◆ INSTRUCTIONS FOR THE TASK: Filter the listing down to the lines containing the word "Home".

◆ SOURCE MATERIAL:
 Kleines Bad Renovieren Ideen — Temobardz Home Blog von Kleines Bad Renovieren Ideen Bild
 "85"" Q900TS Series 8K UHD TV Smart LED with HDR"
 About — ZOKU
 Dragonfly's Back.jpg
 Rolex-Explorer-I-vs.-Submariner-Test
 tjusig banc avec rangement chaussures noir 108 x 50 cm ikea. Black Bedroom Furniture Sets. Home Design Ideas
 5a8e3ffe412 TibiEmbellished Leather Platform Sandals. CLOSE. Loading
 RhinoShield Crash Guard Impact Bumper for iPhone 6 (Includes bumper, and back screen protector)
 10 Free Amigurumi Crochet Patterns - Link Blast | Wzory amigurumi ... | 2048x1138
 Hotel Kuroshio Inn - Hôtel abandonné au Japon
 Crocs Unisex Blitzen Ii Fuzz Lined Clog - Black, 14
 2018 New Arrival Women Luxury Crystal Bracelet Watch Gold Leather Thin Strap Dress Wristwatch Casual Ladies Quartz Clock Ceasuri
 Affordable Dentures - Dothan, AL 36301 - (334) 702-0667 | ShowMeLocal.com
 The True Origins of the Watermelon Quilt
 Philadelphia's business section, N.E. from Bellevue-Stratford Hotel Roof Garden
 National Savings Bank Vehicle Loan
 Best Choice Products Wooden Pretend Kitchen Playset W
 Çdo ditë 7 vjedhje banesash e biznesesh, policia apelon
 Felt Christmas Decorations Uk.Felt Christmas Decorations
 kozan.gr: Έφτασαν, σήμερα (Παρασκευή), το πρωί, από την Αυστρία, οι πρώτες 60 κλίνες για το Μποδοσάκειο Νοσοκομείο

◆ ANSWER TO THE PROBLEM:
 Kleines Bad Renovieren Ideen — Temobardz Home Blog von Kleines Bad Renovieren Ideen Bild
 tjusig banc avec rangement chaussures noir 108 x 50 cm ikea. Black Bedroom Furniture Sets. Home Design Ideas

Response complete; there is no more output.